# Name change for one my kitties...



## my5kitties (Sep 13, 2005)

After much thought and seeing as how the new name fits her, we've changed Li'l Smokie's name to Momo. Here is a picture of her namesake:









For those of you who have seen Avatar: The Last Airbender, then you know who this is. And if you've seen pictures of my baby girl, you'll have to agree that Momo looks like Momo, especially the expression on her face. The only difference is that the above Momo is a boy while my Momo is a girl. Here's a picture of my girl before she came to live with us:









See the resemblence?? Of course, you can't really see her ears here, but they are huge.


----------



## konstargirl (Feb 4, 2011)

They look alike.  I love that name too. lol


----------



## Sinatra-Butters (Aug 9, 2010)

Nutmeg looks like this all the time!

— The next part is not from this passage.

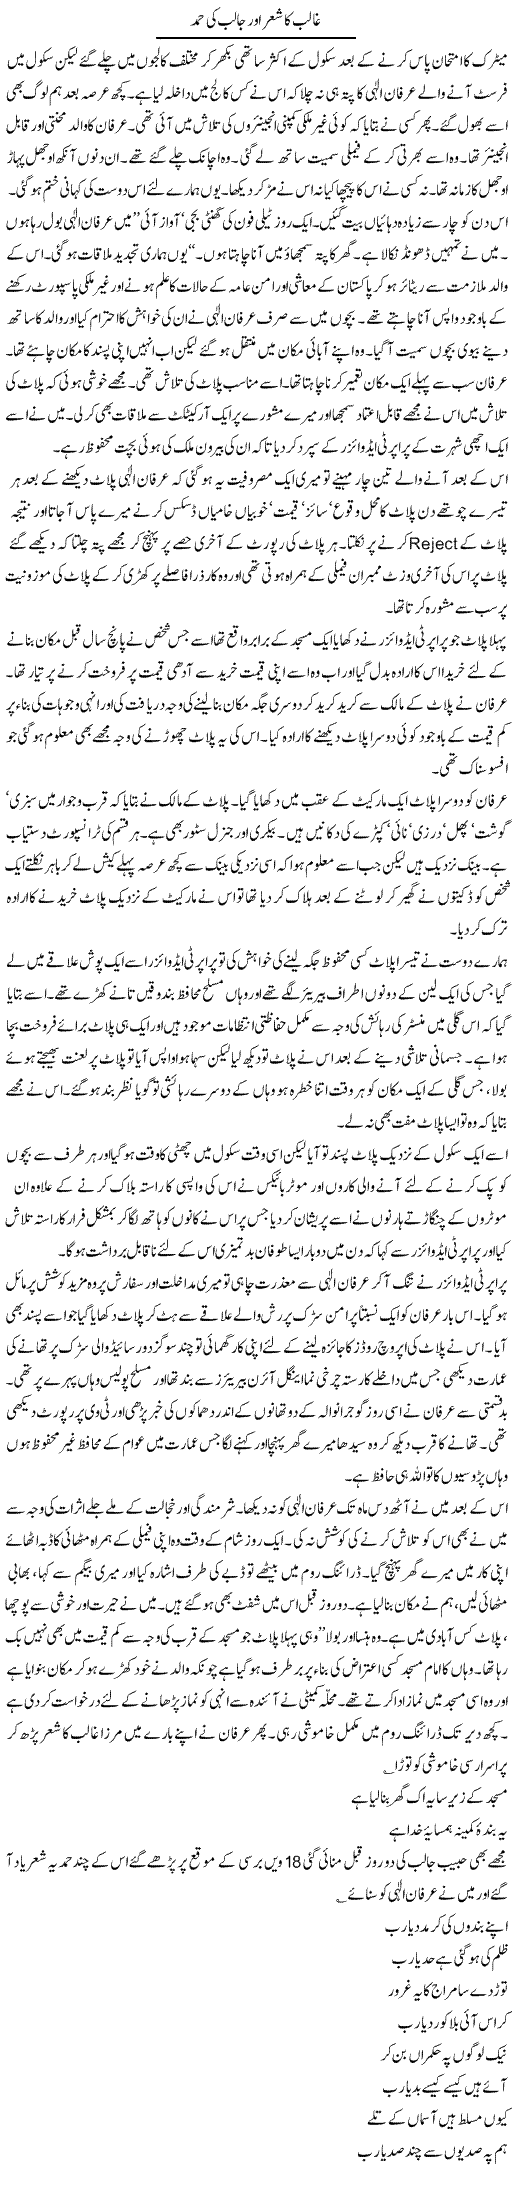 Ghalib and Jalib Express Column Hameed Ahmed 16 March 2011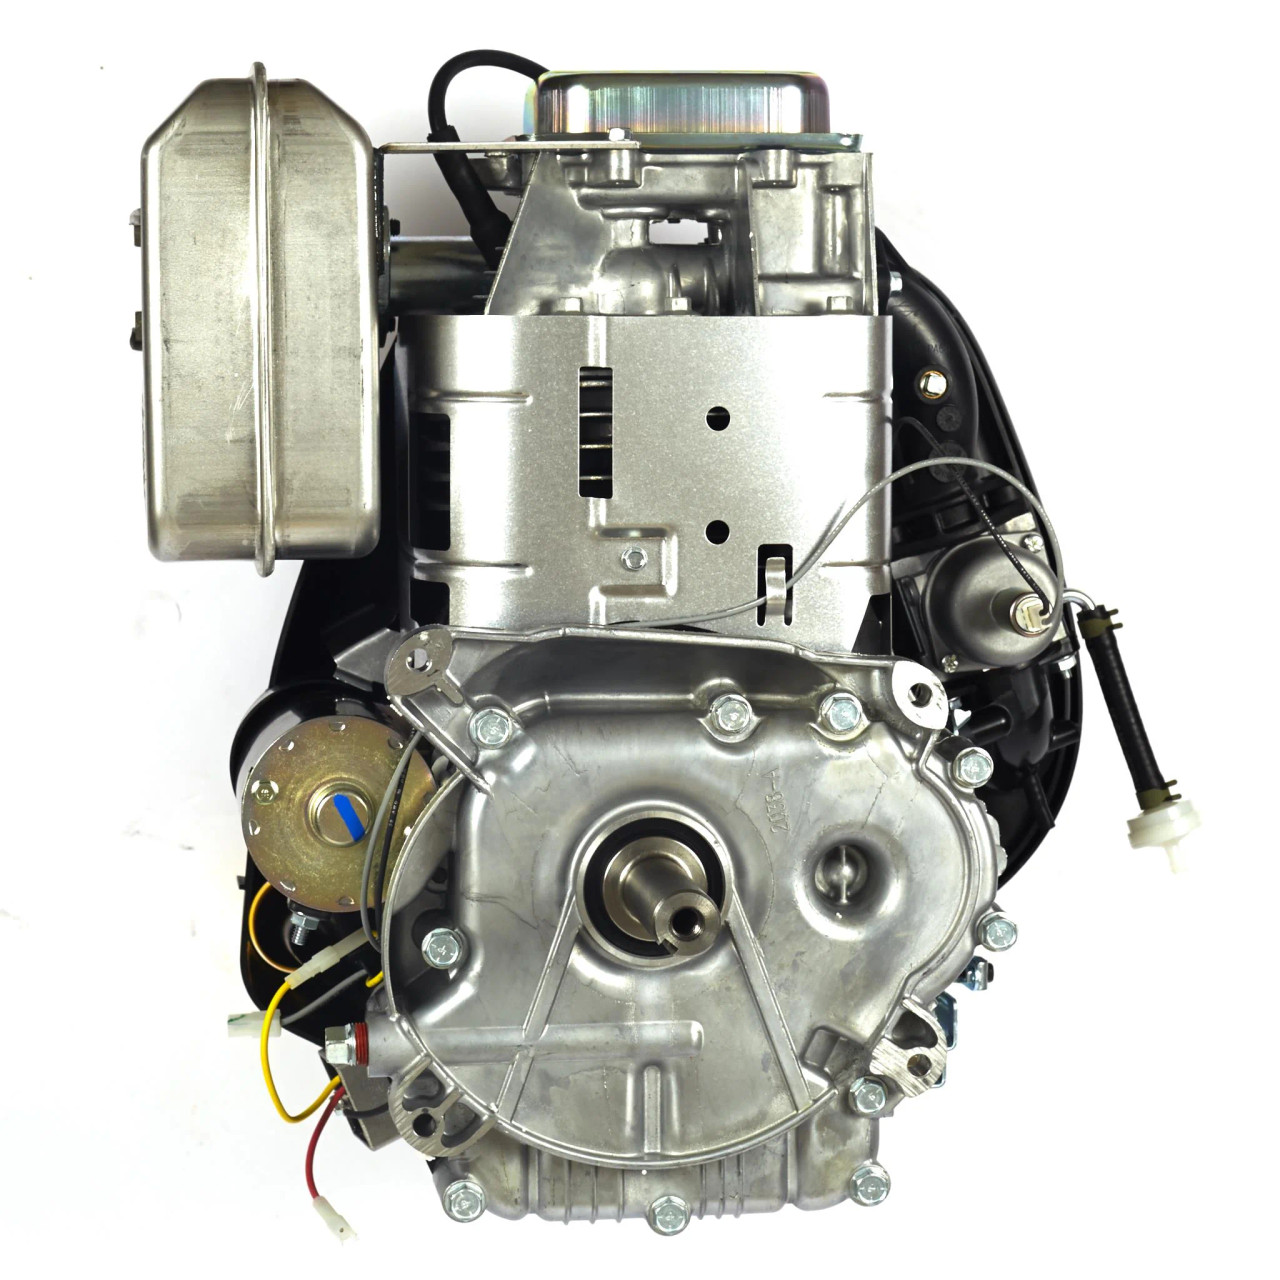 EXi Series 17.5 HP 500cc Vertical Shaft Engine 31R907-0007-G1

I think Momo is a great name. She is lucky to have such a great meowmie and brothers and sisters!!


----------



## my5kitties (Sep 13, 2005)

Sinatra-Butters said:


> Nutmeg looks like this all the time! I think Momo is a great name. She is lucky to have such a great meowmie and brothers and sisters!!


I like it, too, and it's still close to Smokey. And we've determined that she's Star's girlfriend (they're ALWAYS playing together), Lucky's annoying little sister (he'll play with her, but only reluctantly) and Midnight's stepdaughter. Midnight has still yet to interact with her positively (as in playing), but they've progressed to at least walking by each other without trying to kill each other. There's still the occasional hissing and screeching, but it has diminished greatly. However, I'm still not comfortable with leaving Momo out all night yet. When she and Midnight can keeping the hissing/screeching fits down to once every two weeks, then we'll take that step.

One thing that I was worried about is how Star and Lucky's relationship would be affected, but since we keep Momo in my son's room at night, Star and Lucky still have their crazy wrestling matches on the stairs at 4:00 in the morning.


----------



## my5kitties (Sep 13, 2005)

konstargirl said:


> They look alike.  I love that name too. lol


You can't tell by the picture I posted of kitty Momo, but she has green eyes just like Avatar Momo. That's what cracks me up about her name. She really does look like him.


----------



## my5kitties (Sep 13, 2005)

One thing I forgot to mention is that even though Momo is a kitten (will be 8 months old four days from now) she's taller than Midnight and I think that bothers Midnight. She's the smallest cat and would like to think that she's the alpha. I think Momo may want to be the alpha, but I don't want to make a judgment on that until she reaches adulthood. It could still be kitten effervescence, though. When she plays, she PLAYS. And heaven help you if you don't move your feet from off the floor. She doesn't care that they're there and will run right over them. And she has SHARP claws!!


----------



## konstargirl (Feb 4, 2011)

Haha.. Vinnie has sharp claws too. MY sister never trims his nails. He's too hard to do nails. lol


----------



## my5kitties (Sep 13, 2005)

if your sister is having problems trimming Vinnie's claws, then she should have the vet do it. If she's not careful, his claws will curve into his paw pads, and from what I've heard, that is EXTREMELY painful for a cat.


----------



## konstargirl (Feb 4, 2011)

Oh she gets it done alright. It took 3 people to do just one nail( holding him down and things)


----------



## jmw (Jul 22, 2011)

Now you just need a pug named Appa :O


----------



## praline (Jun 3, 2011)

cute name!


----------



## my5kitties (Sep 13, 2005)

It's so much easier to say and to be completely honest, saying "Li'l Smokie" all the time was just making my heart ache for my Smokey.  I think Momo is nice compromise.


----------



## Sinatra-Butters (Aug 9, 2010)

I think it will be easier for you too, Renee. You adopted her in Smokey's memory but you never want to replace him, we all know that.


----------



## its.alice (Jun 15, 2011)

Random fact: Peach in Japanese is "Momo" :3


----------



## tarah44 (Jul 18, 2011)

My daughter calls me Momo sometimes...it's her special way of saying mom.


----------